Kale isn’t a powerhouse for B vitamins the way it is for K, C, and A, but it does contribute. One cup of raw kale provides about 5% of the daily value for riboflavin (B2), plus small amounts of folate (B9) and vitamin B6. These nutrients help your body convert food into energy and are involved in red blood cell production.

You won’t meet your B vitamin needs from kale alone, but these contributions add up when kale is part of a varied diet. The folate in kale is particularly relevant for anyone trying to increase their intake through whole foods rather than supplements.

Vitamin E Across Kale Varieties

Kale contains tocopherols, the compounds that make up vitamin E. The amount varies noticeably by variety. Scarlet kale (a red-purple type) tested highest in total tocopherols among several cultivars studied, making it a better pick if vitamin E is a priority. Vitamin E acts as an antioxidant, protecting cell membranes from oxidative stress, and plays a role in immune function and skin health.

How to Get the Most From Kale’s Vitamins

Kale contains both water-soluble vitamins (C, B vitamins) and fat-soluble vitamins (K, A, E). This distinction matters for how you prepare it. The fat-soluble vitamins and carotenoids need dietary fat to be absorbed efficiently. Research from the University of Missouri found that pairing kale with olive oil, mayonnaise, or an oil-based dressing significantly increased carotenoid absorption, regardless of whether the kale was raw or cooked. Simply drizzling olive oil on a kale salad or sautéing it in a little fat makes a real difference.

For the water-soluble vitamins, the main enemy is prolonged cooking in water. Steaming or quick sautéing preserves more vitamin C than boiling does. Raw kale retains the most, which is one reason massaged kale salads have become popular.

Kale’s Calcium Advantage

While not a vitamin, kale’s mineral profile is worth noting because it directly affects how useful the vitamins are. Kale is a low-oxalate vegetable, which gives it a major advantage over spinach when it comes to calcium absorption. Oxalates are compounds that bind to calcium and prevent your body from using it. A study published in The American Journal of Clinical Nutrition found that calcium absorption from kale averaged about 41%, compared to 32% from milk. Spinach, despite containing more total calcium on paper, delivers far less because its high oxalate content blocks most of it.

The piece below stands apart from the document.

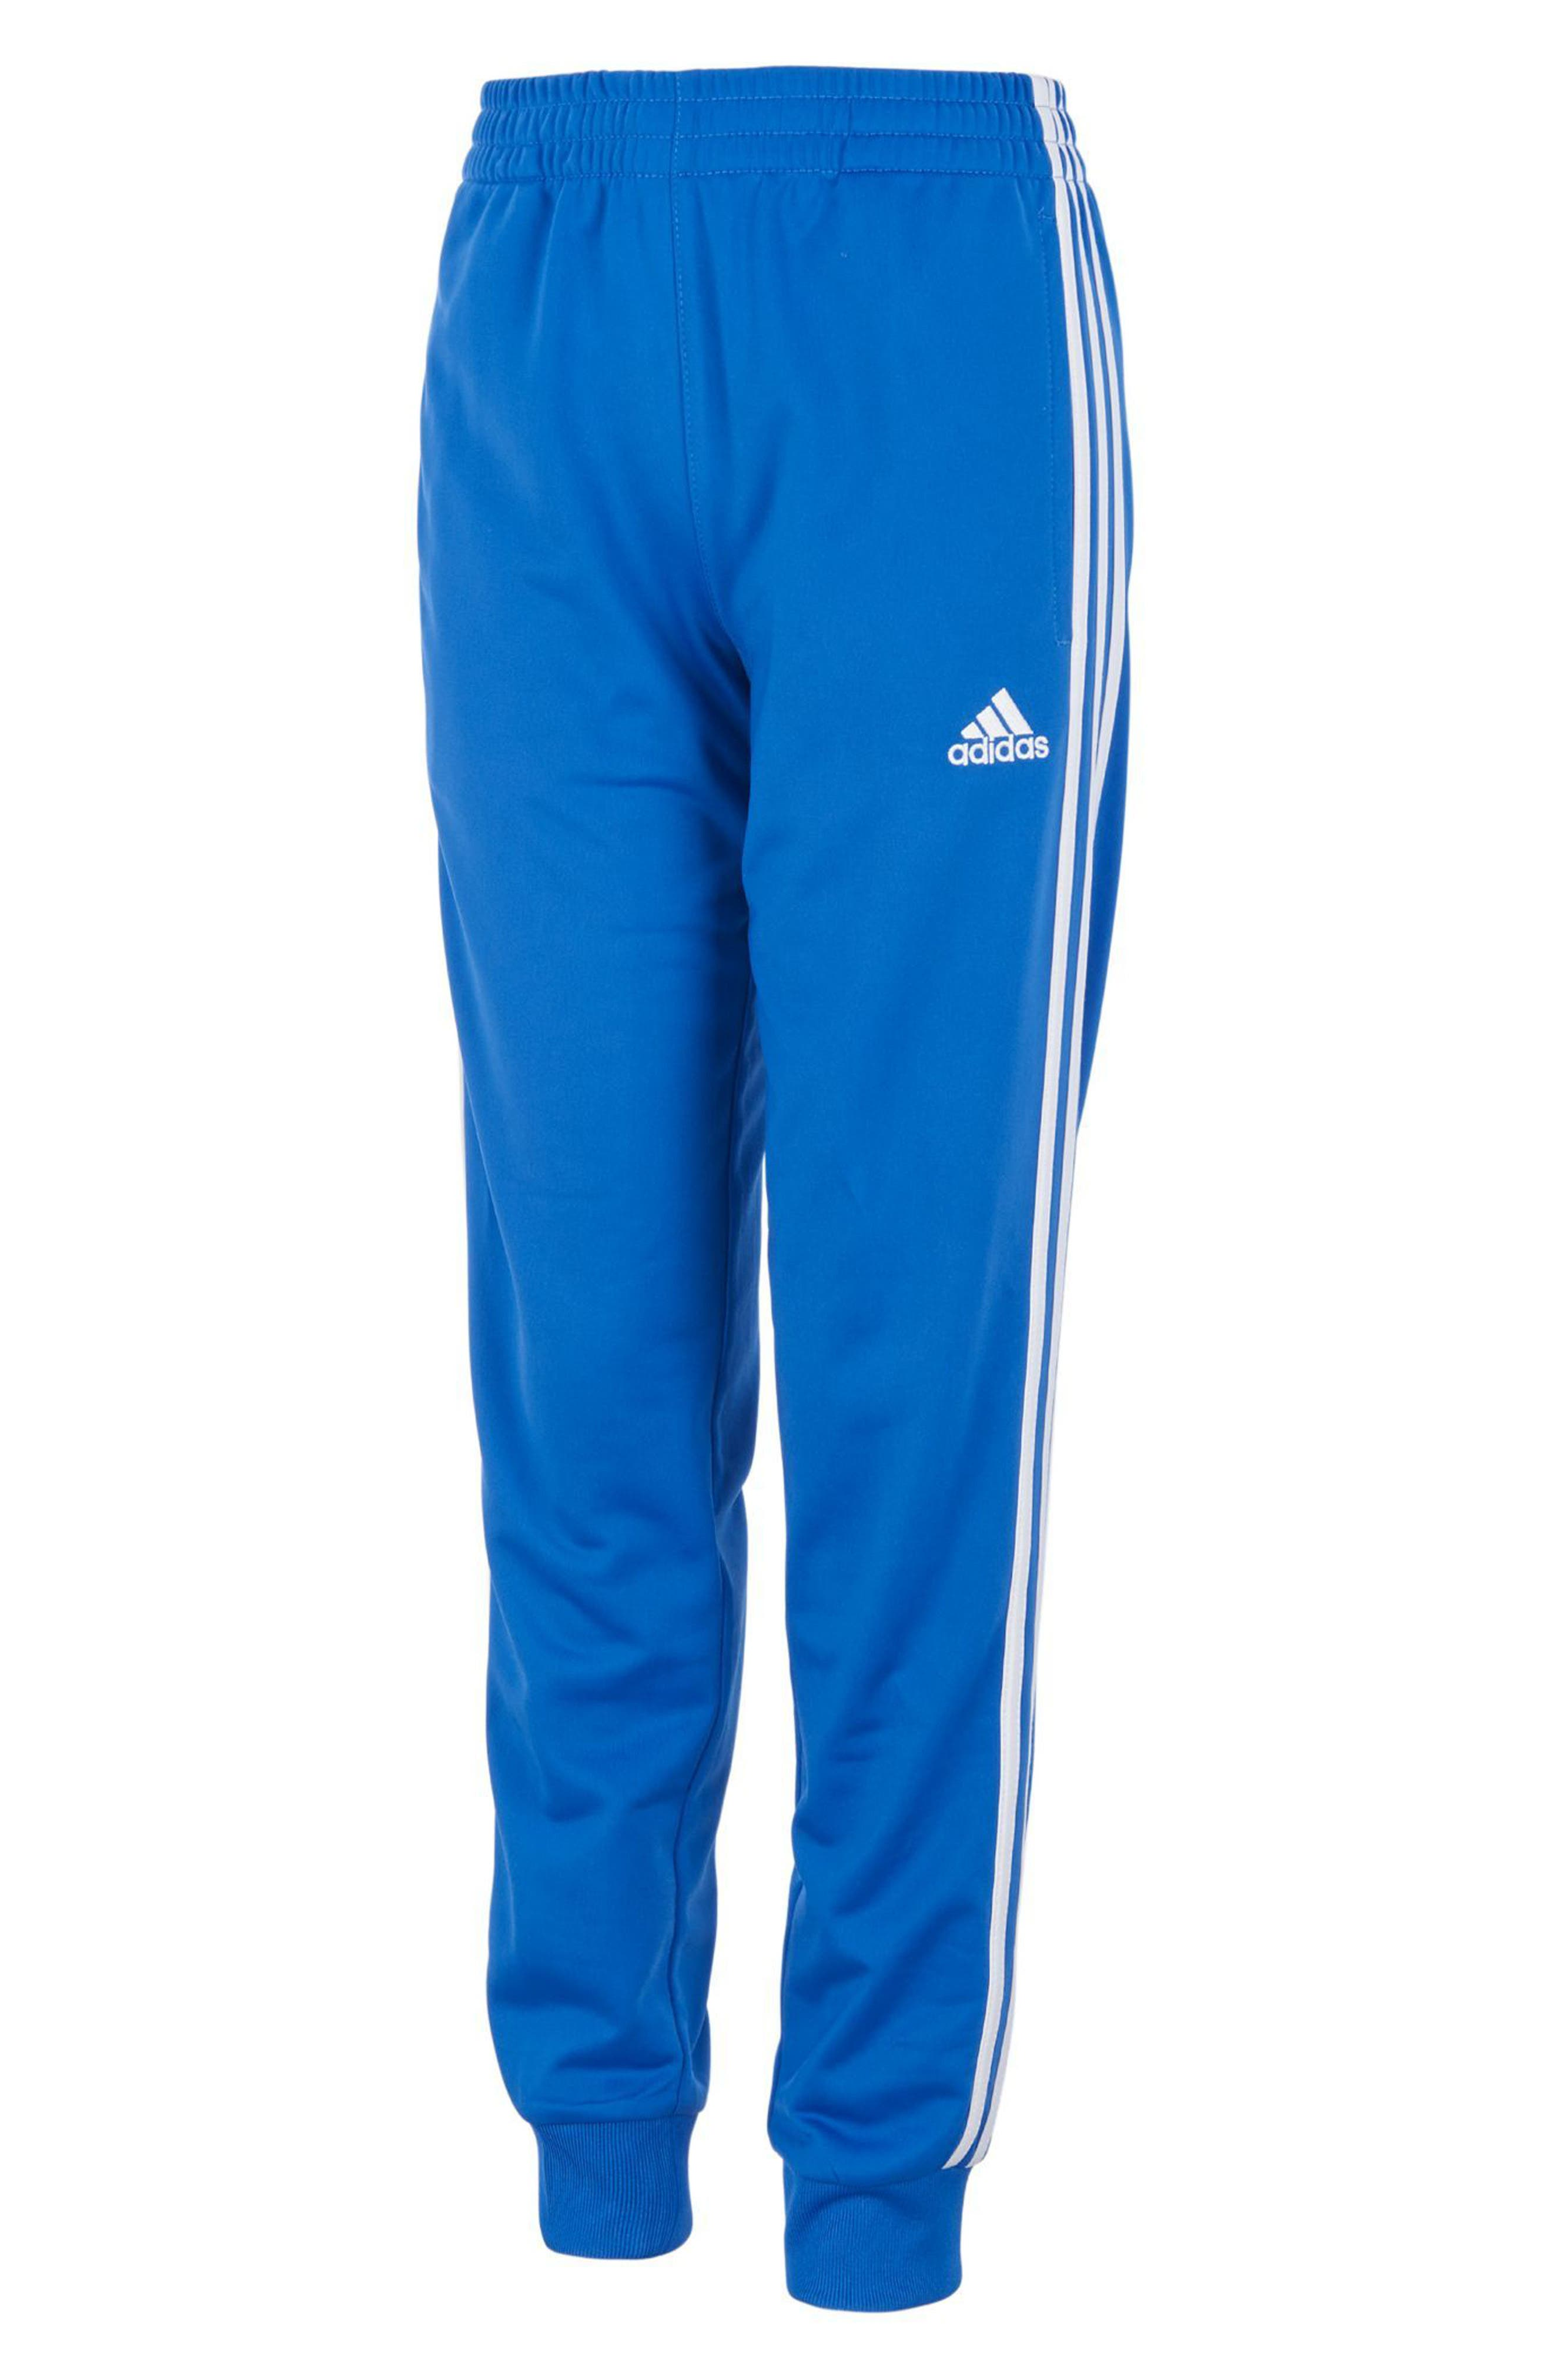 adidas Iconic Jogger Pants (Big Boys)

Goitrogens: A Real but Manageable Concern

Kale contains progoitrin, a compound that can be converted into goitrin by an enzyme called myrosinase. Goitrin interferes with thyroid hormone production by blocking iodine uptake in the thyroid gland. In animal studies, sustained goitrin exposure led to reduced thyroid function and gland enlargement.

Cooking kale destroys the myrosinase enzyme, which prevents the conversion of progoitrin into its active goitrogenic form. This means cooked kale poses less thyroid concern than raw kale. For most people with normal thyroid function and adequate iodine intake, eating kale in typical dietary amounts is not a problem. If you have an existing thyroid condition or eat very large quantities of raw kale daily, cooking it is a simple way to reduce any risk.